Those lexical variables can actually be used in any block, not merely in a subroutine's block. For example, they can be used in the block of an if, while, or foreach:
foreach (1..10) { my($square) = $_ * $_; # private variable in this loop print "$_ squared is $square.\n"; }
The variable $square is private to the enclosing block; in this case, that's the block of the foreach loop. If there's no block, the variable is private to the entire source file. For now, your programs aren't going to use more than one source file, so this isn't an issue. But the important concept is that the scope of a lexical variable's name is limited to the smallest enclosing block or file. The only code that can say $square and mean that variable is the code inside that textual scope. This is a big win for maintainability -- if the wrong value is found in $square, the culprit will be found within a limited amount of source code. As experienced programmers have learned (often the hard way), limiting the scope of a variable to a page of code, or even to a few lines of code, really speeds along the development and testing cycle.

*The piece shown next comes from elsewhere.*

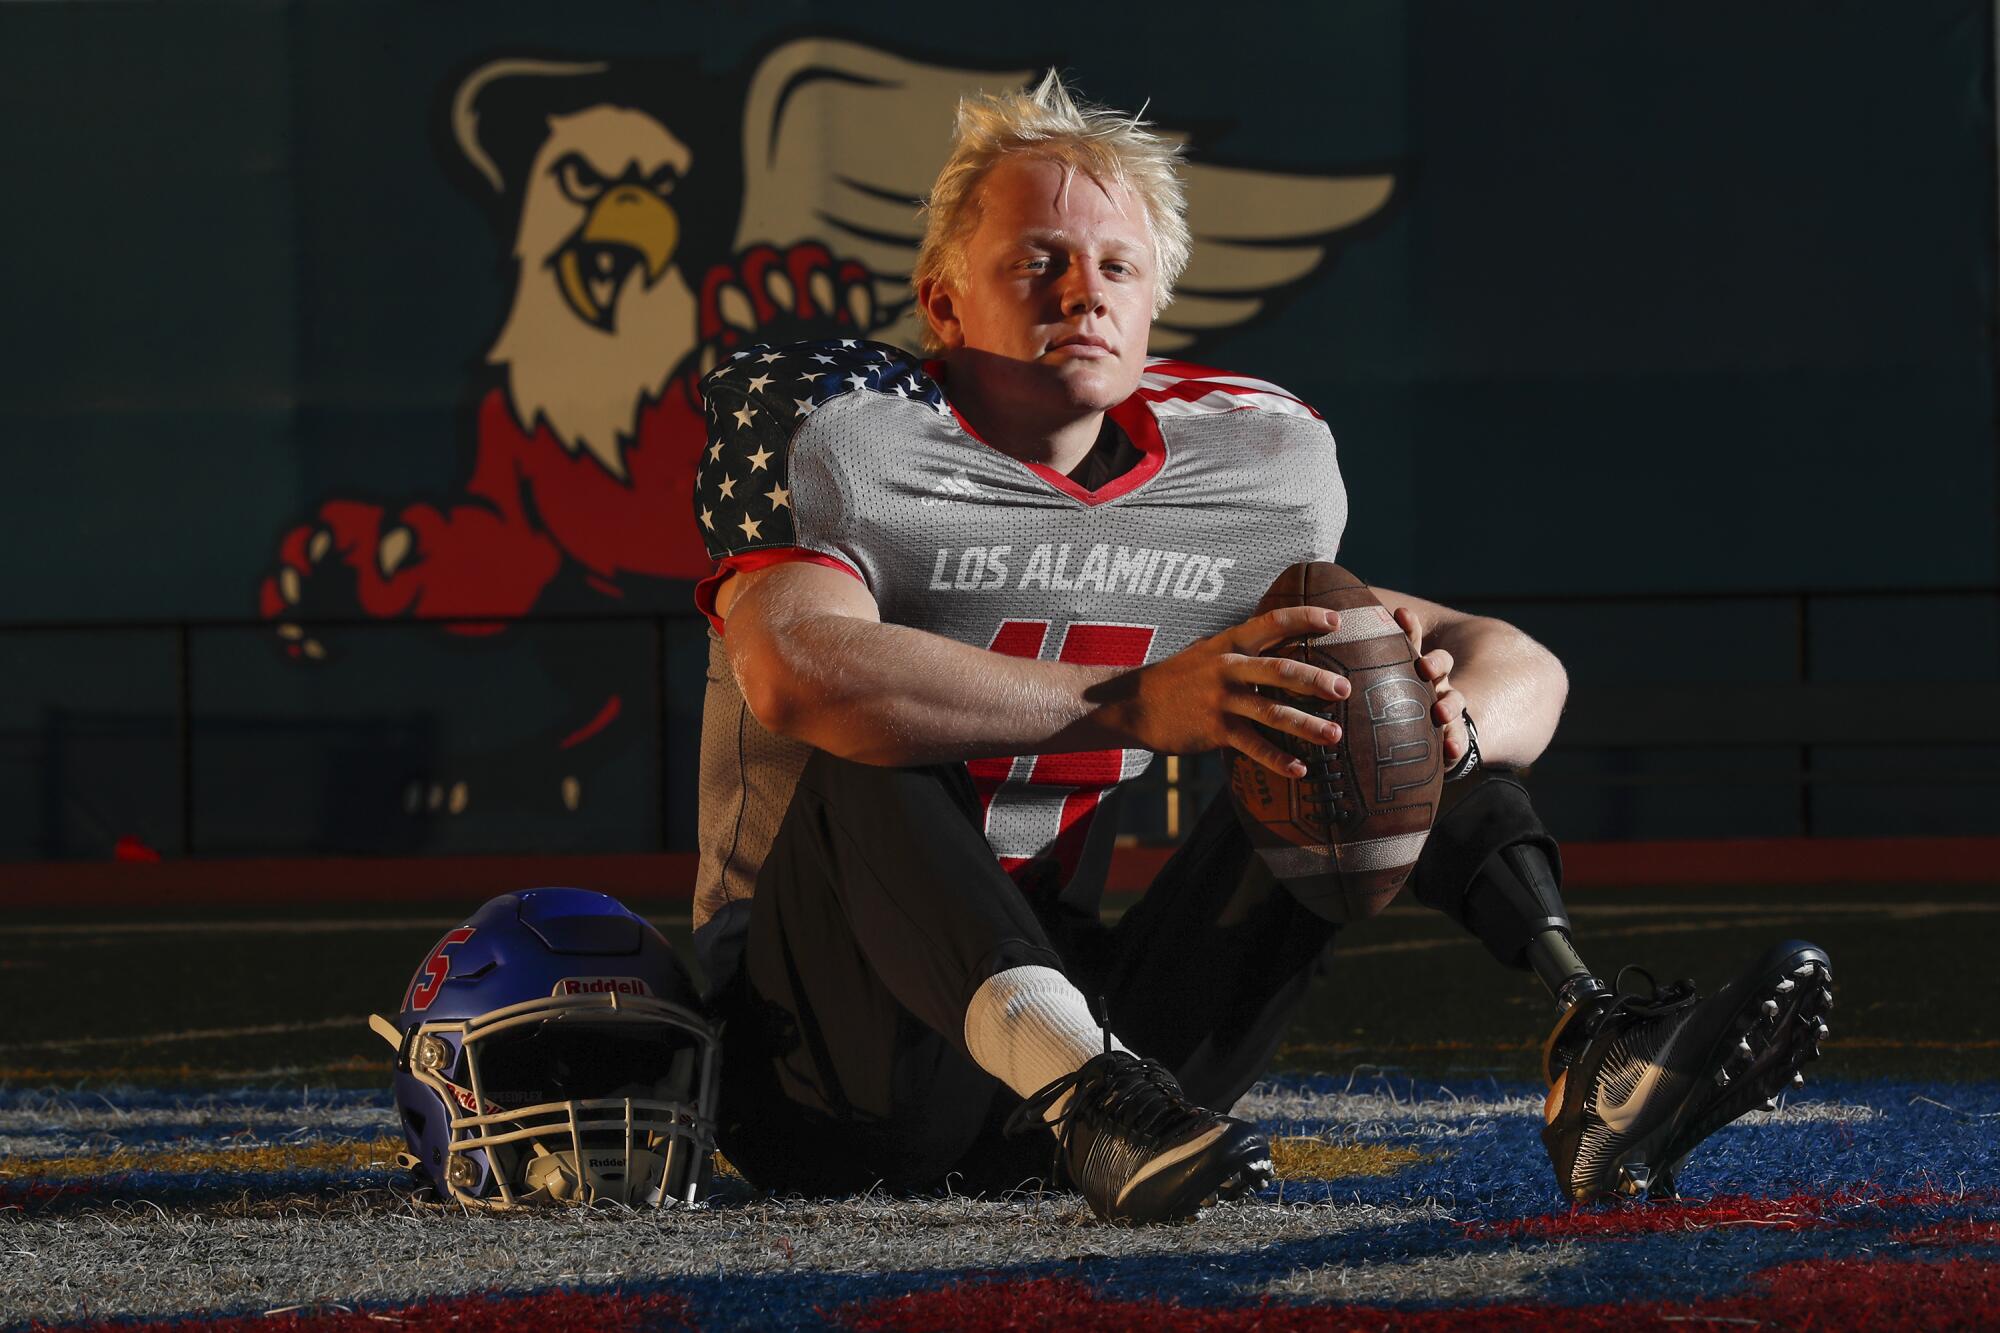 Los Alamitos long snapper Carson Fox looks at the camera while sitting on a football field.

Note also that the my operator doesn't change the context of an assignment:
my($num) = @_; # list context, same as ($num) = @_; my $num = @_; # scalar context, same as $num = @_;
In the first one, $num gets the first parameter, as a list-context assignment; in the second, it gets the number of parameters, in a scalar context. Either line of code could be what the programmer wanted; we can't tell from that one line alone, and so Perl can't warn you if you use the wrong one. (Of course, you wouldn't have both of those lines in the same subroutine, since you can't have two lexical variables with the same name declared in the same scope; this is just an example.) So, when reading code like this, you can always tell the context of the assignment by seeing what the context would be without the word my.
Of course, you can use my to create new, private arrays as well:[114]
[114]Or hashes, which we'll see in the next chapter.
my @phone_number;
Any new variable will start out empty -- undef for scalars, or the empty list for arrays.